Directions for this task: Answer with one number: the count of lines in this material that hold the word "Color".

Dataset excerpt:
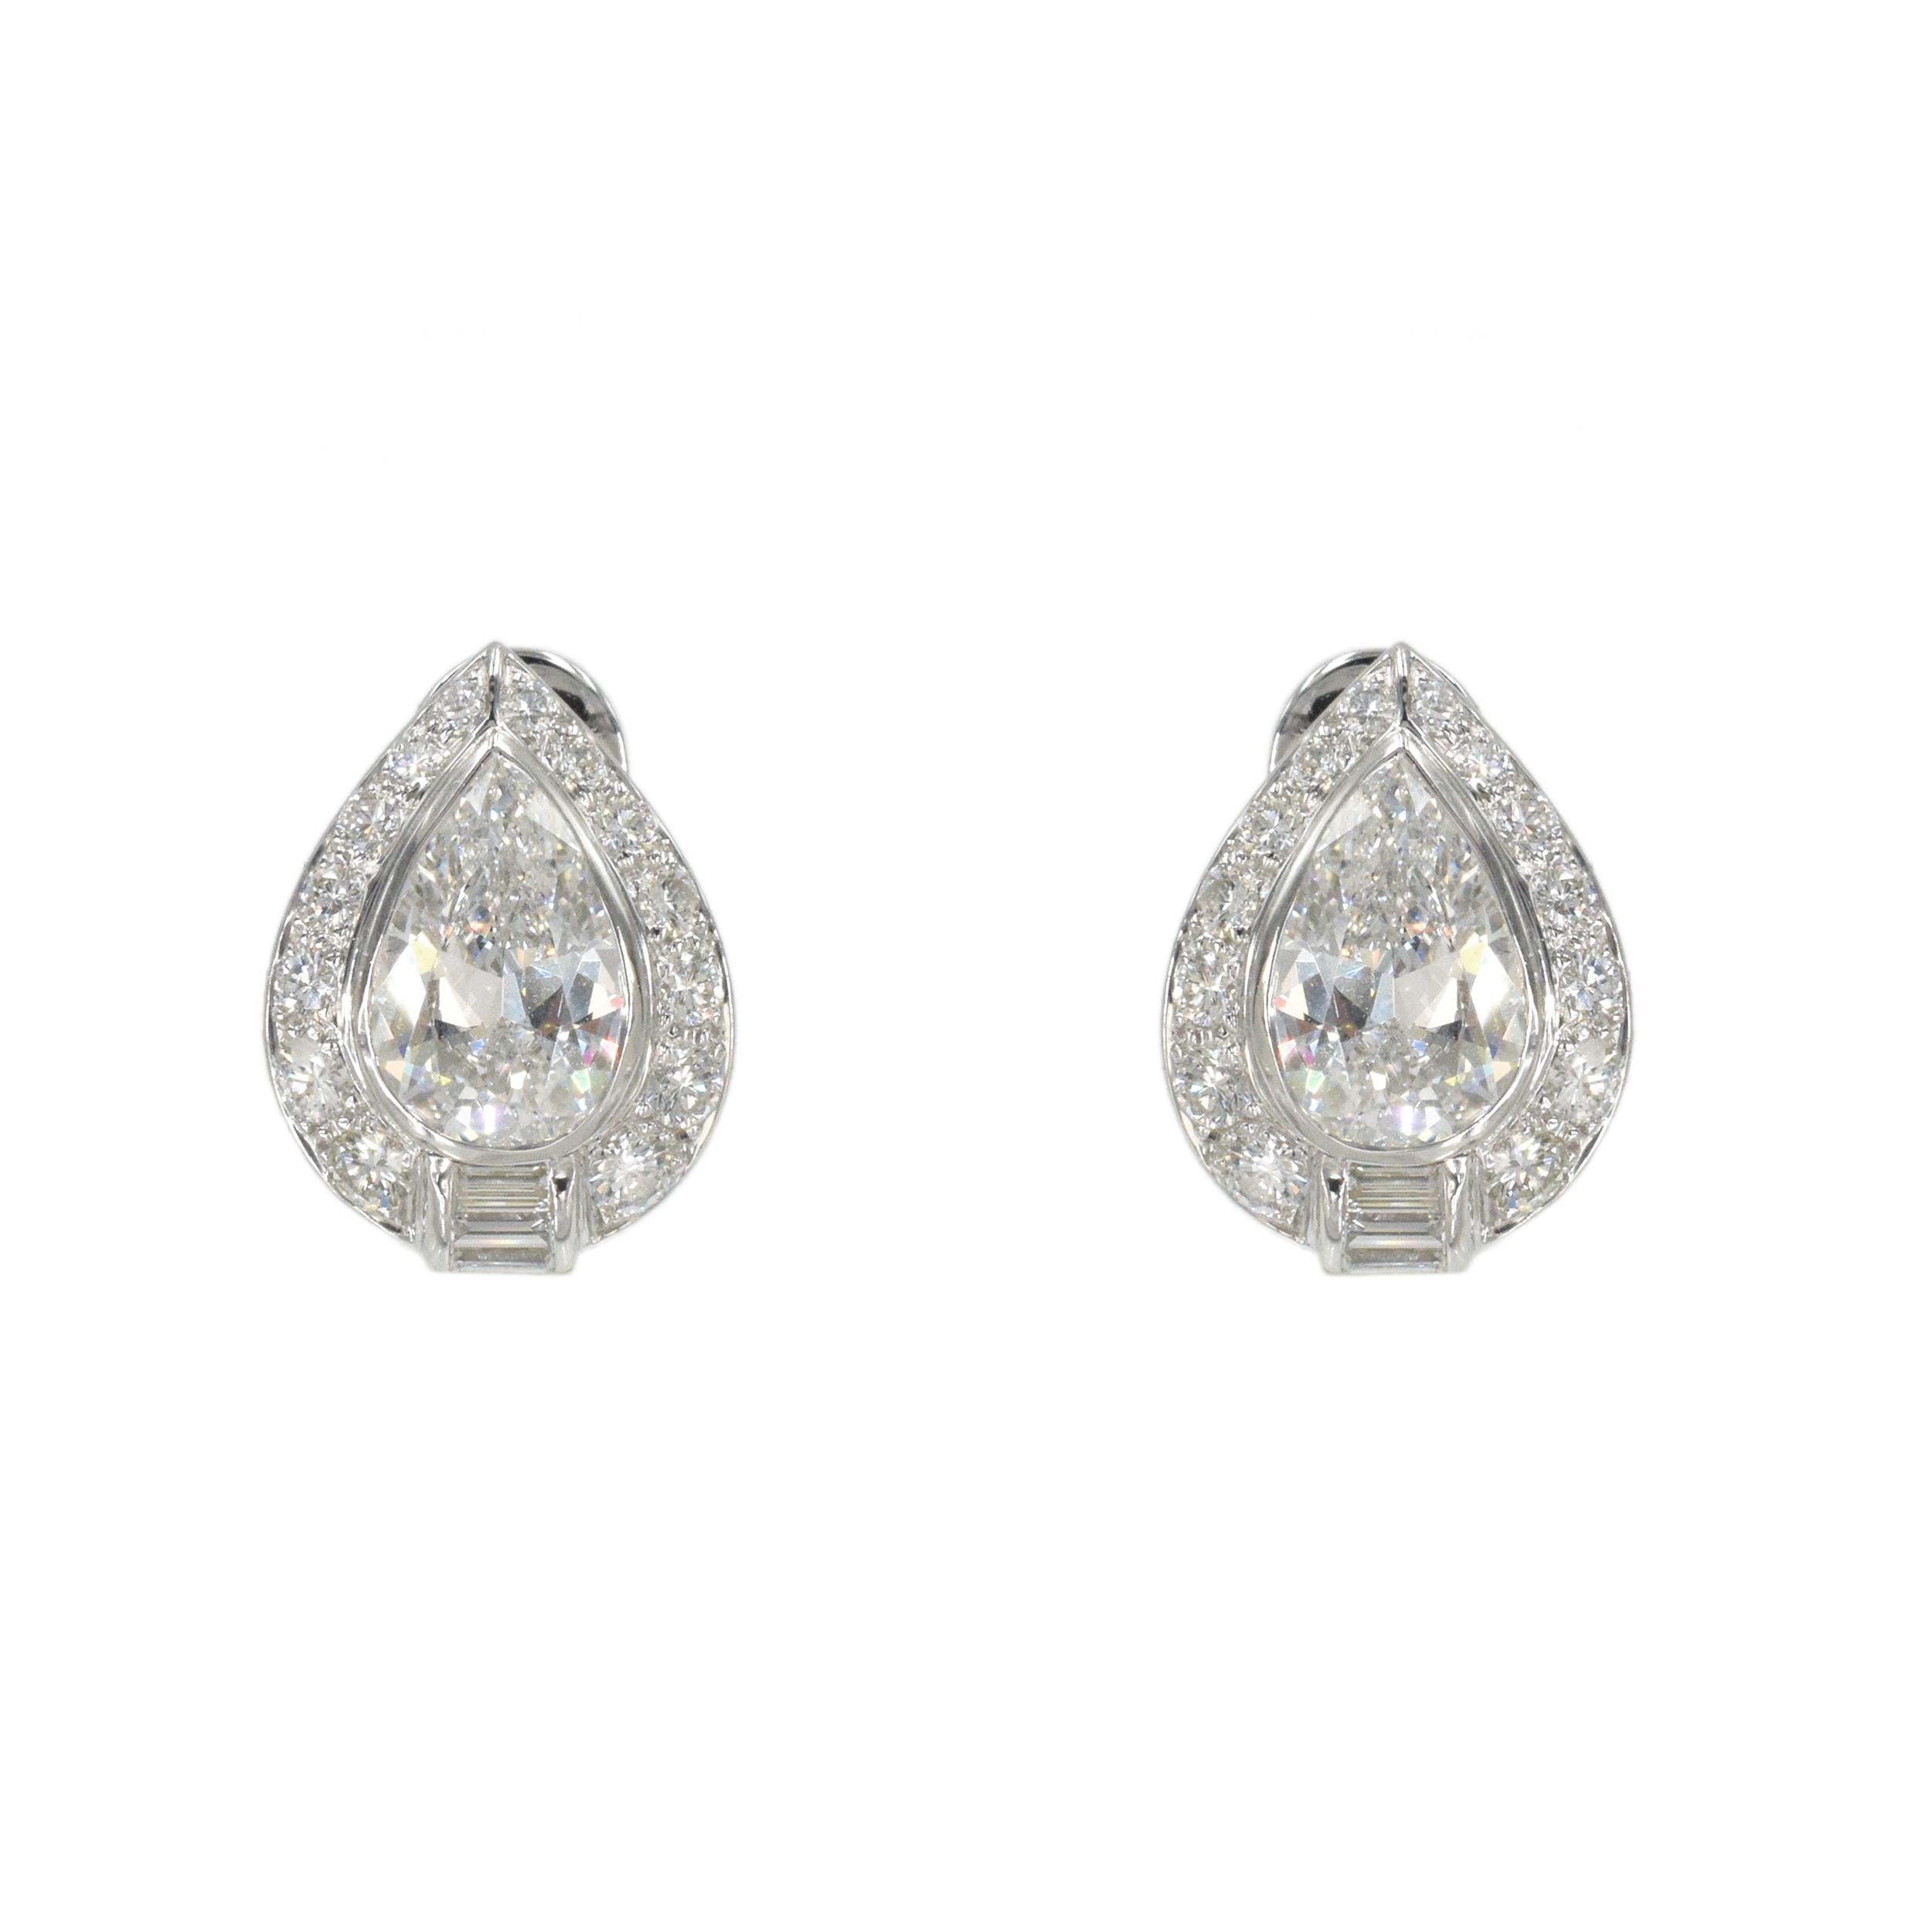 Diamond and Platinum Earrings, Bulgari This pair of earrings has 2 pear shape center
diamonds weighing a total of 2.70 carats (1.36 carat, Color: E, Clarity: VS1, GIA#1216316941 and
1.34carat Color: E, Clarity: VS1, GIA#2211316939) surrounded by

Answer area: 2